- Stored data
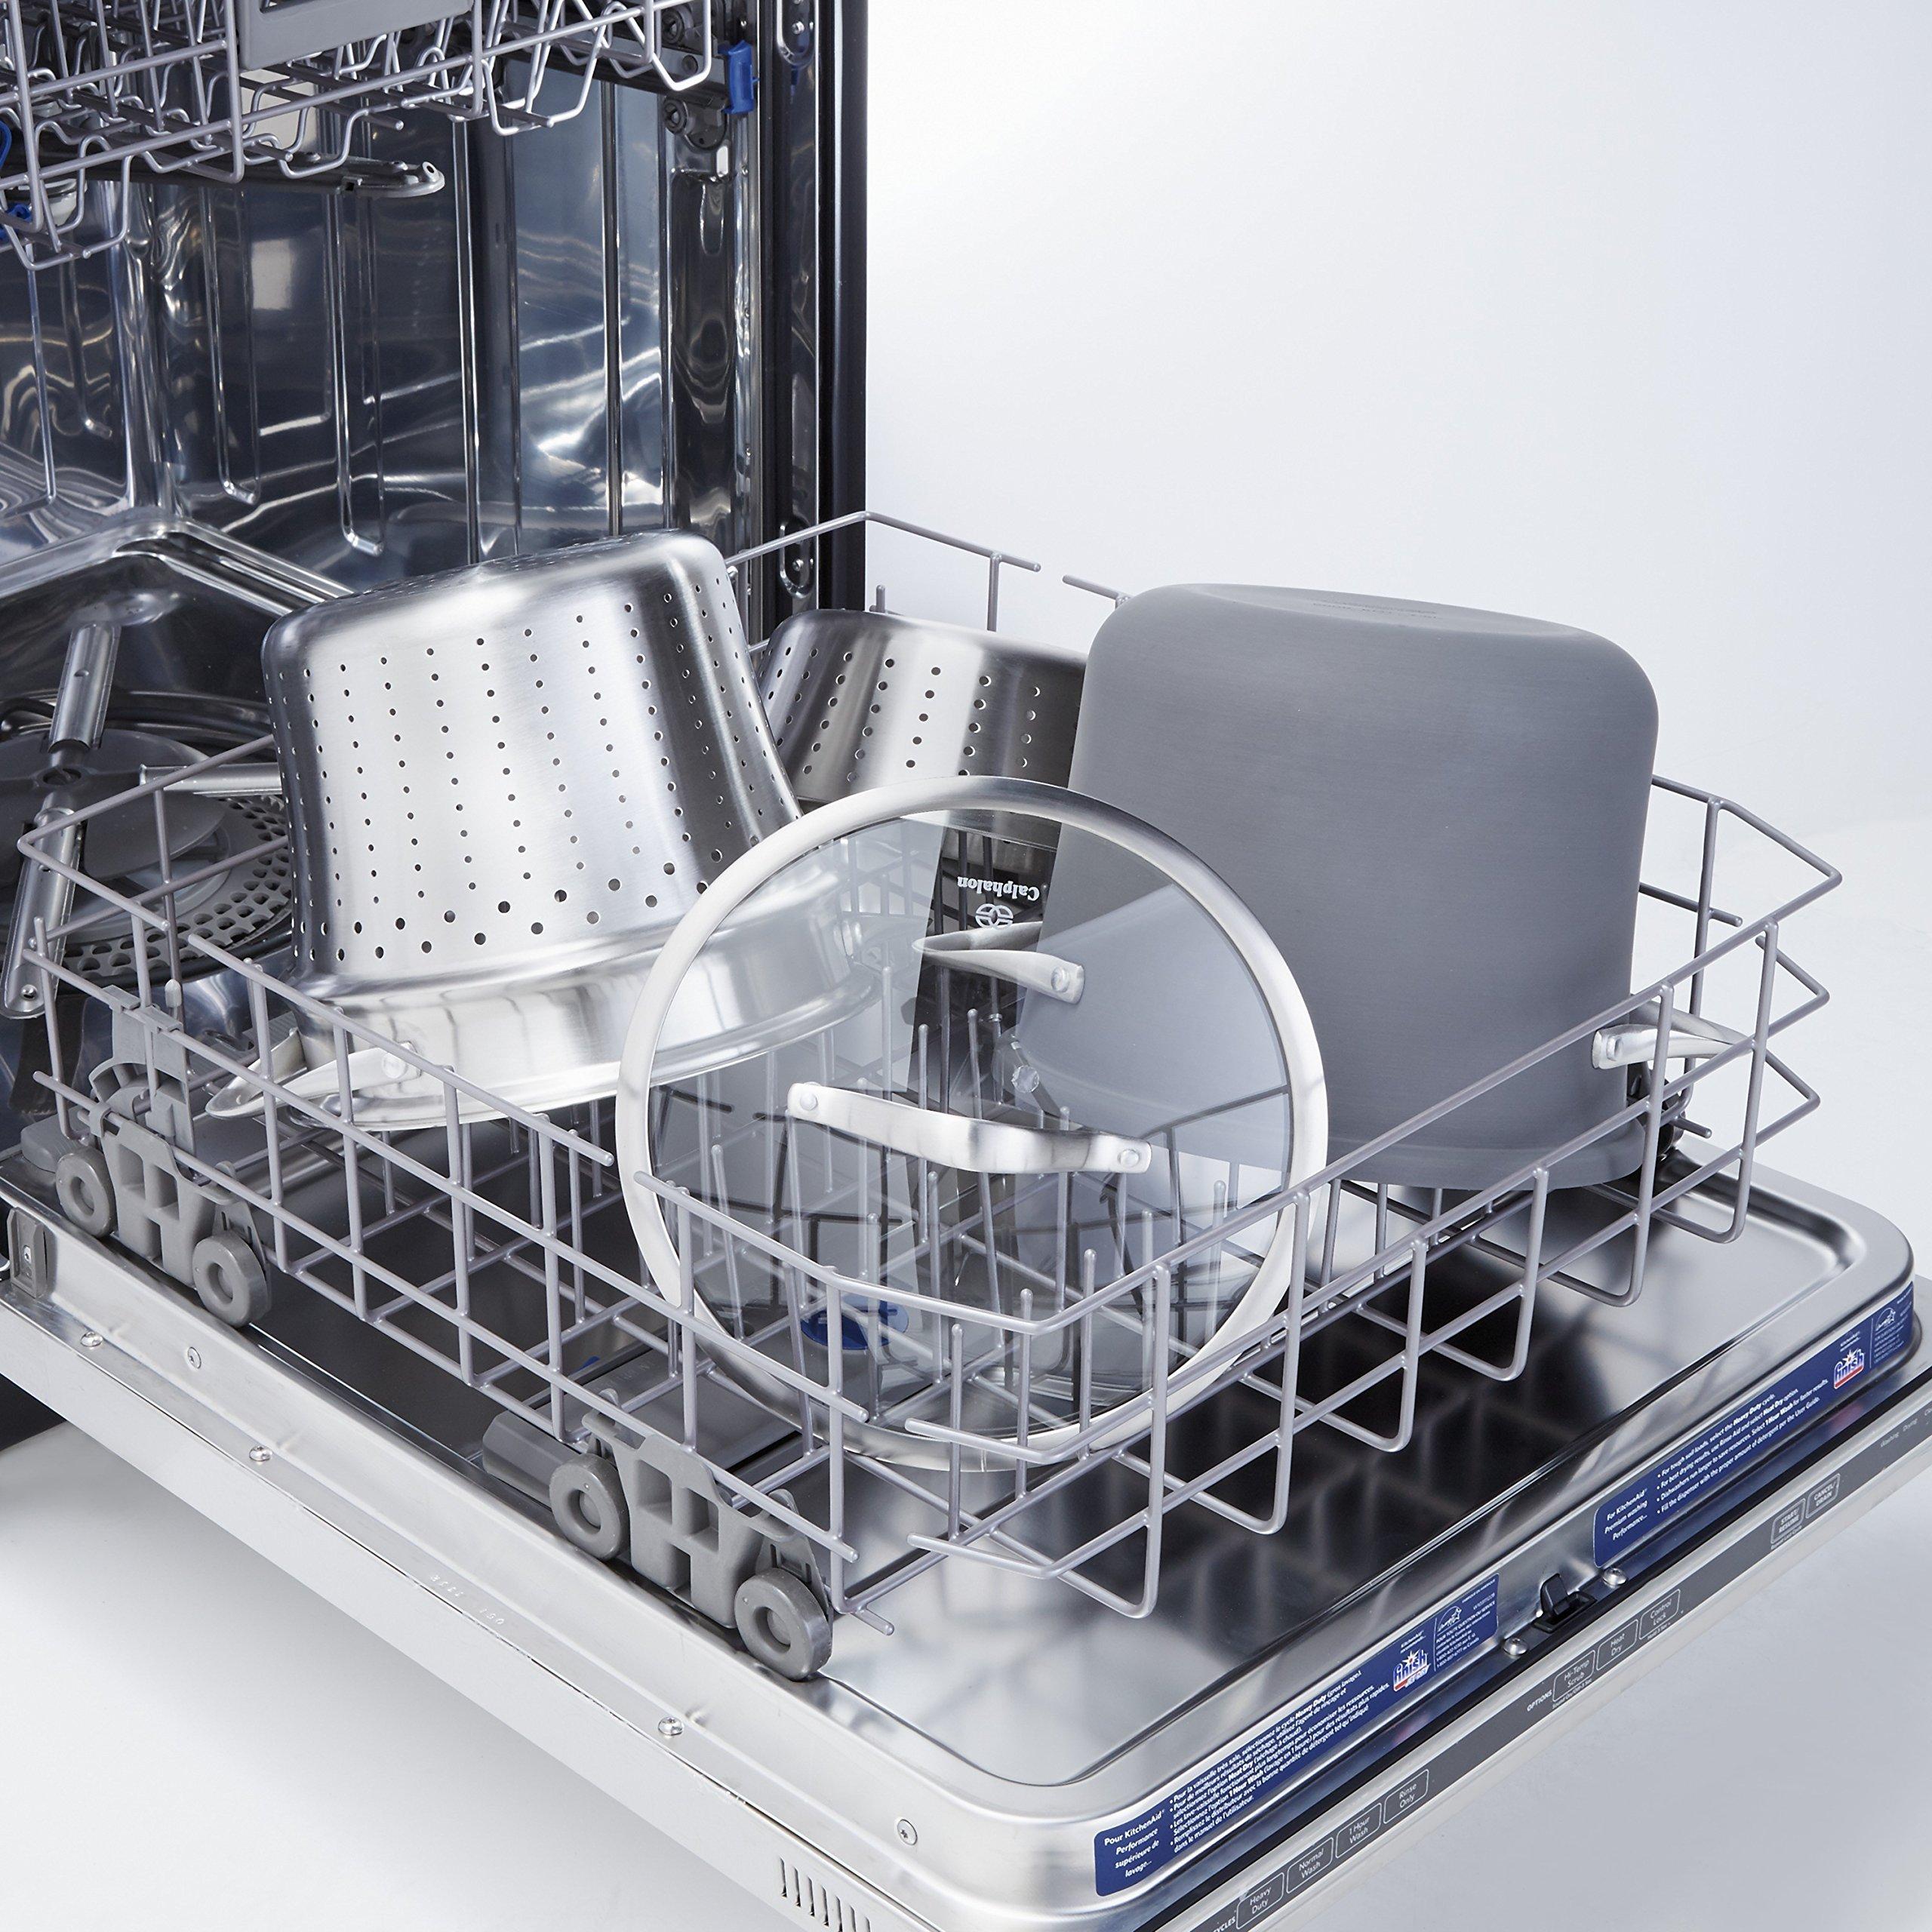 Calphalon Contemporary Hard-Anodized Aluminum Nonstick Cookware, Pasta Pot with Steamer Insert, 8-quart, Black by Calphalon (Image #3)
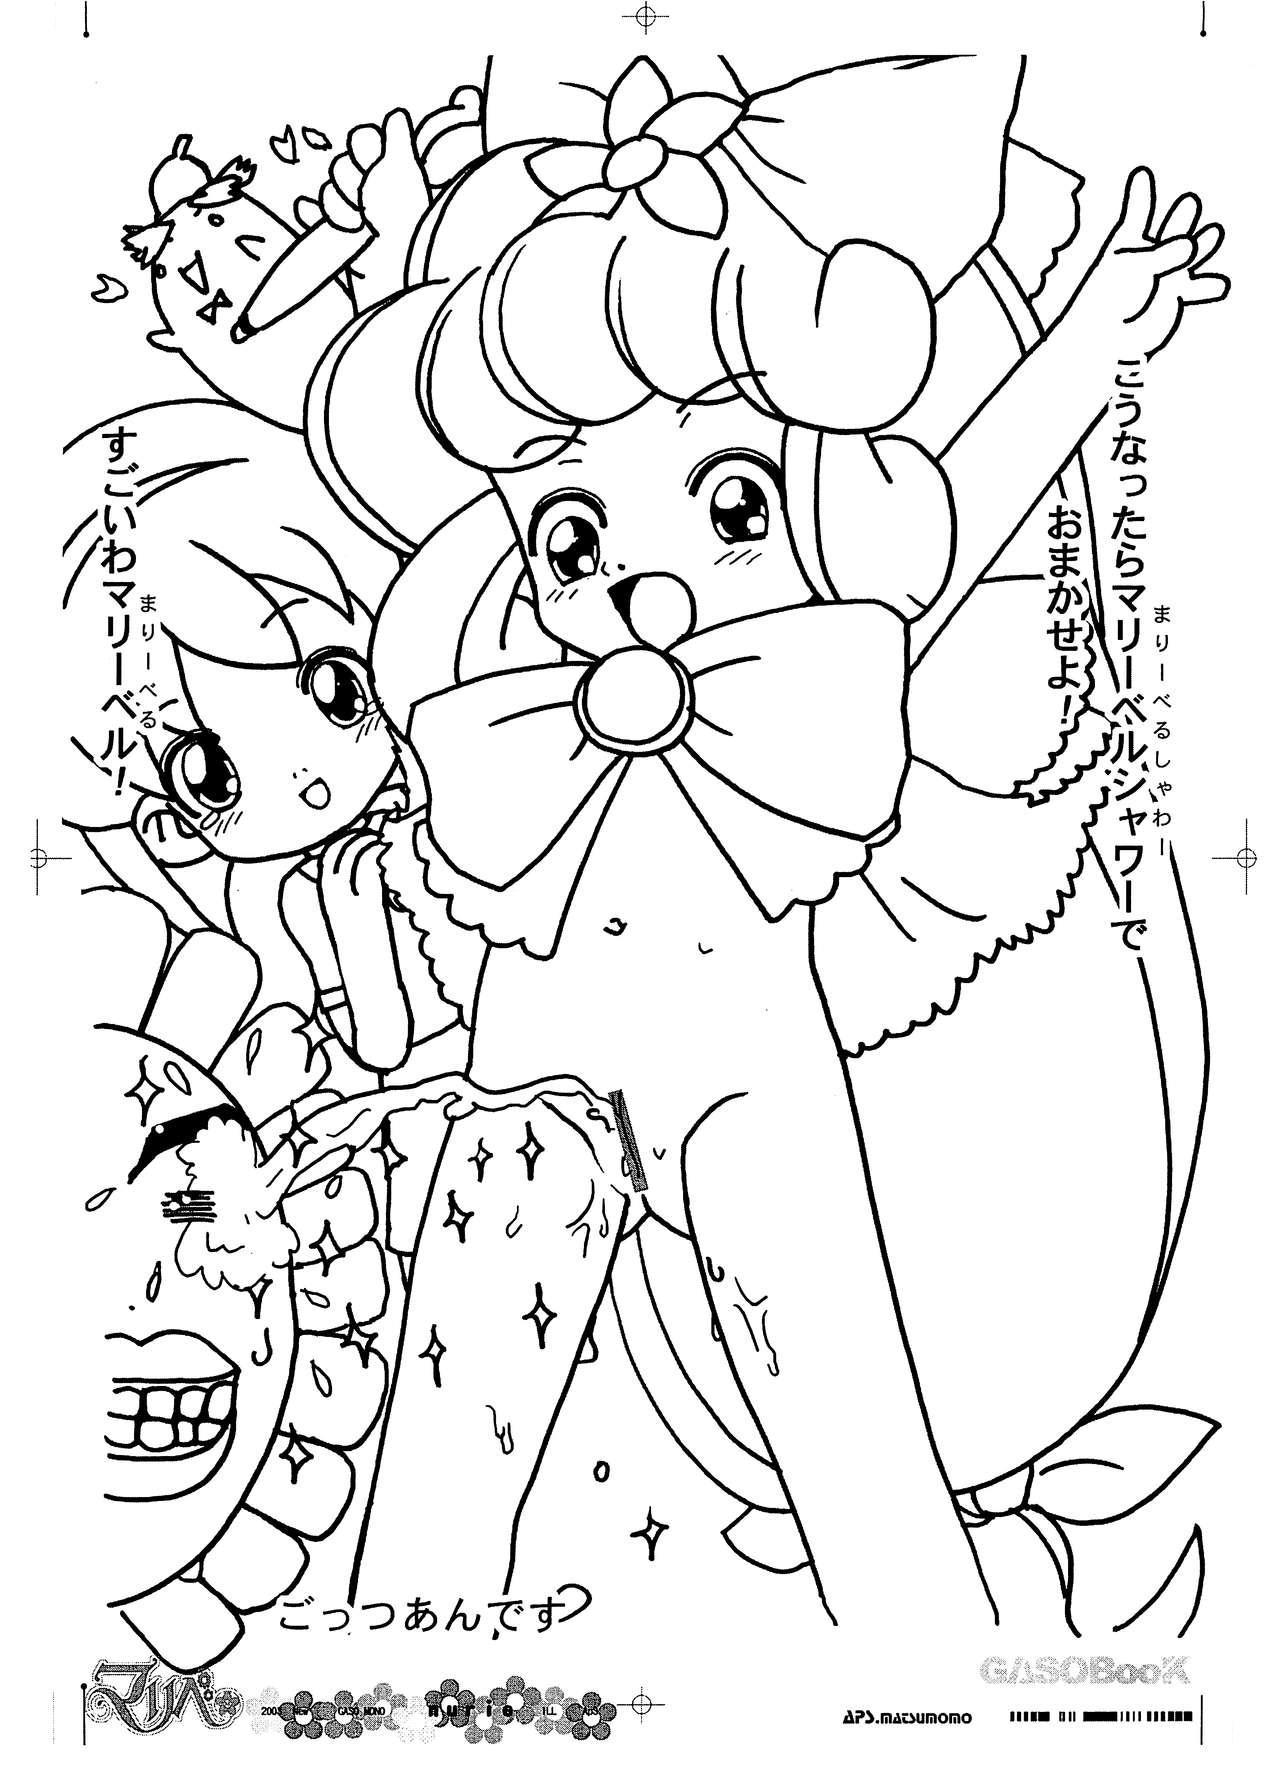 GASOBooK Genkou Youshi Ring3 Alt-0312 6
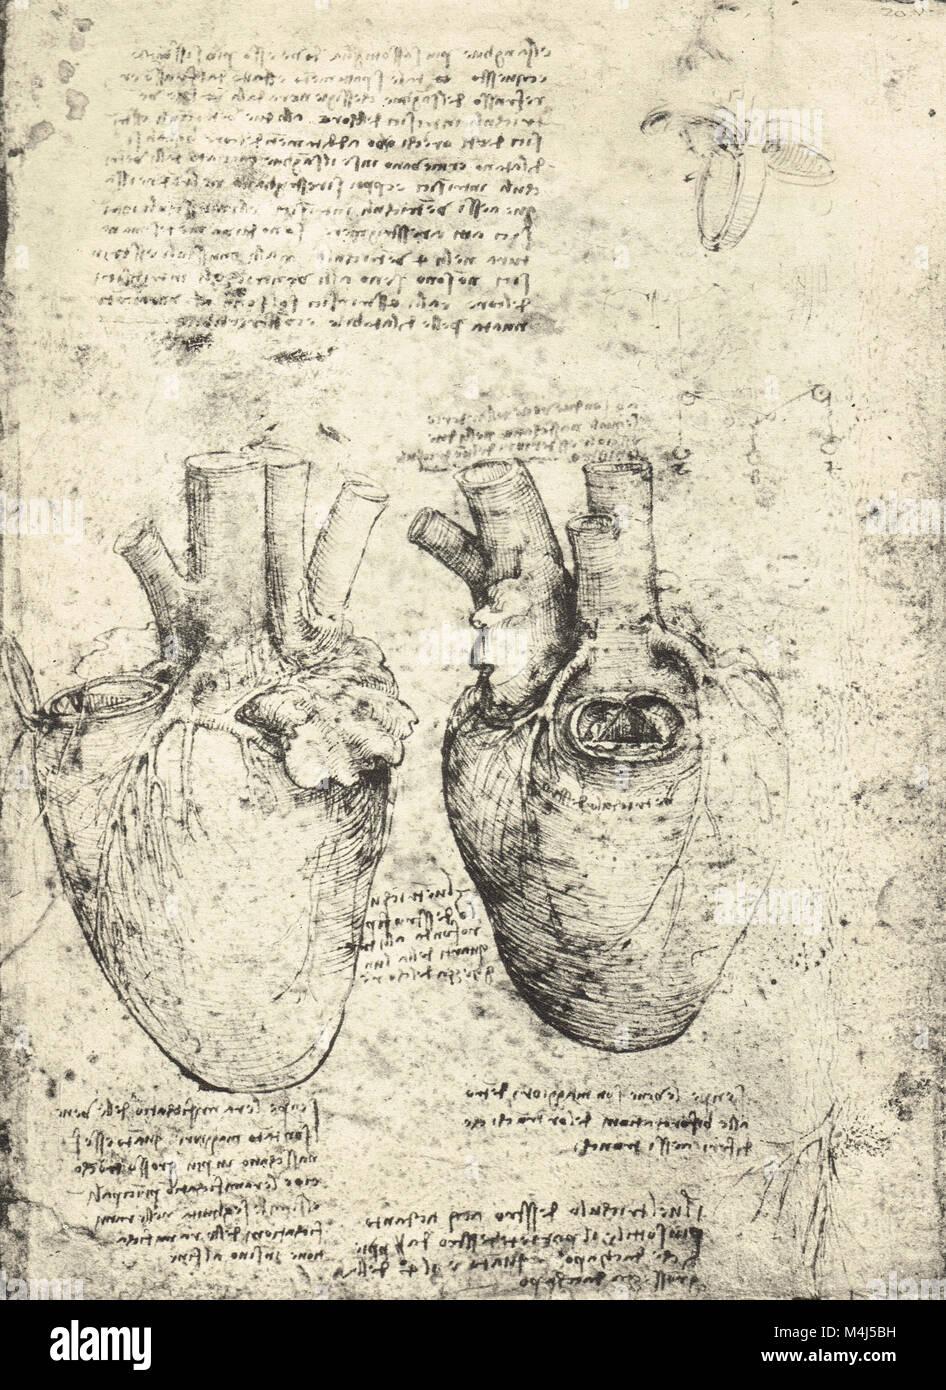 Drawn By Leonardo Da Vinci Imágenes De Stock & Drawn By Leonardo Da ...
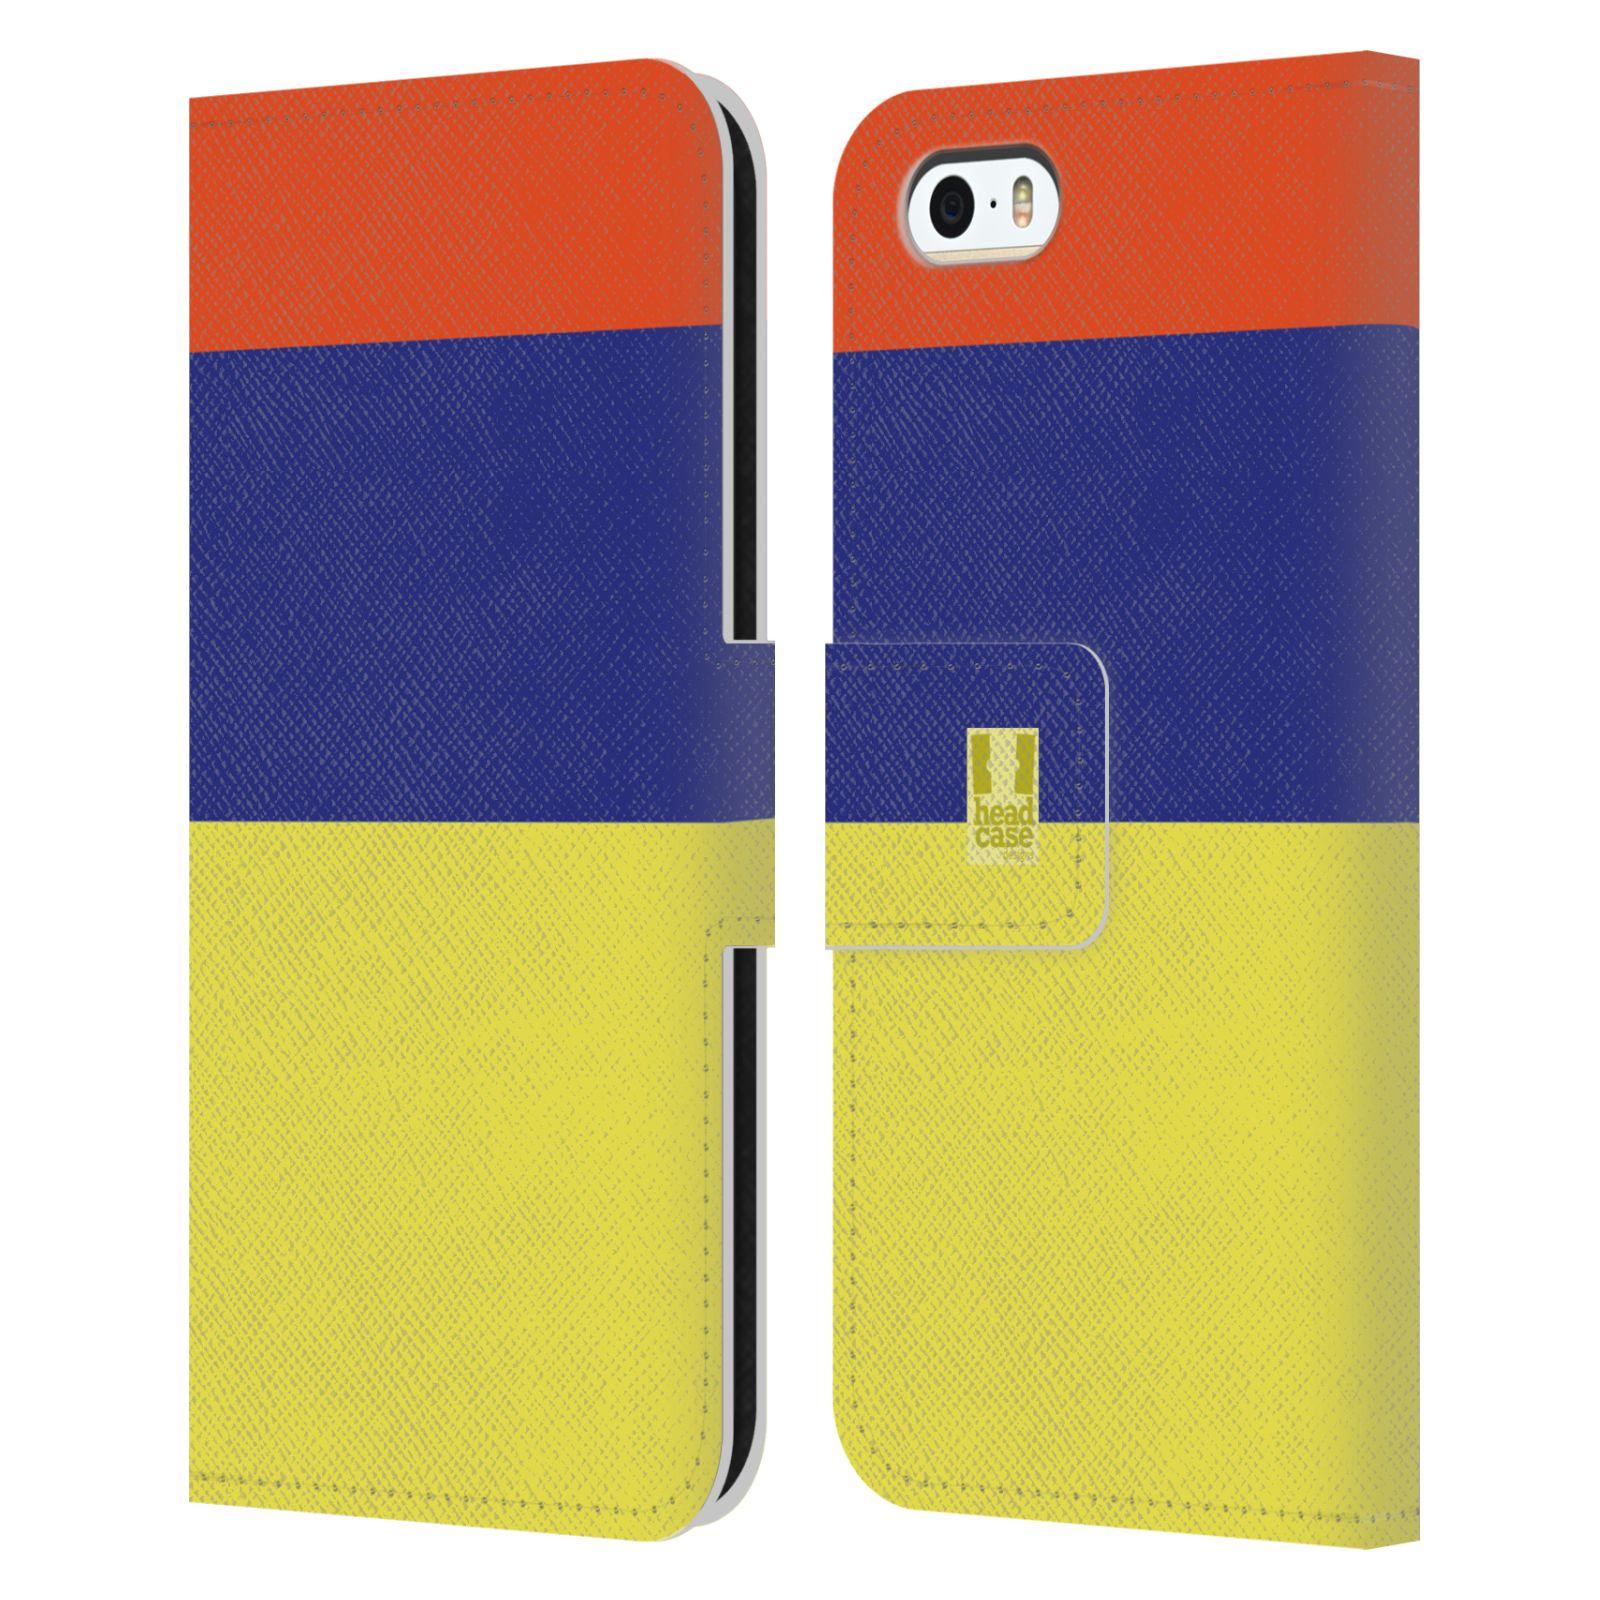 HEAD CASE Flipové pouzdro pro mobil Apple Iphone 5/5S barevné tvary žlutá, modrá, červená

- Exercise aim
Give the listing again, exactly as it appears, but without its images.

- Answer section
 Calphalon Contemporary Hard-Anodized Aluminum Nonstick Cookware, Pasta Pot with Steamer Insert, 8-quart, Black by Calphalon (Image #3)
 GASOBooK Genkou Youshi Ring3 Alt-0312 6
 Drawn By Leonardo Da Vinci Imágenes De Stock & Drawn By Leonardo Da ...
 HEAD CASE Flipové pouzdro pro mobil Apple Iphone 5/5S barevné tvary žlutá, modrá, červená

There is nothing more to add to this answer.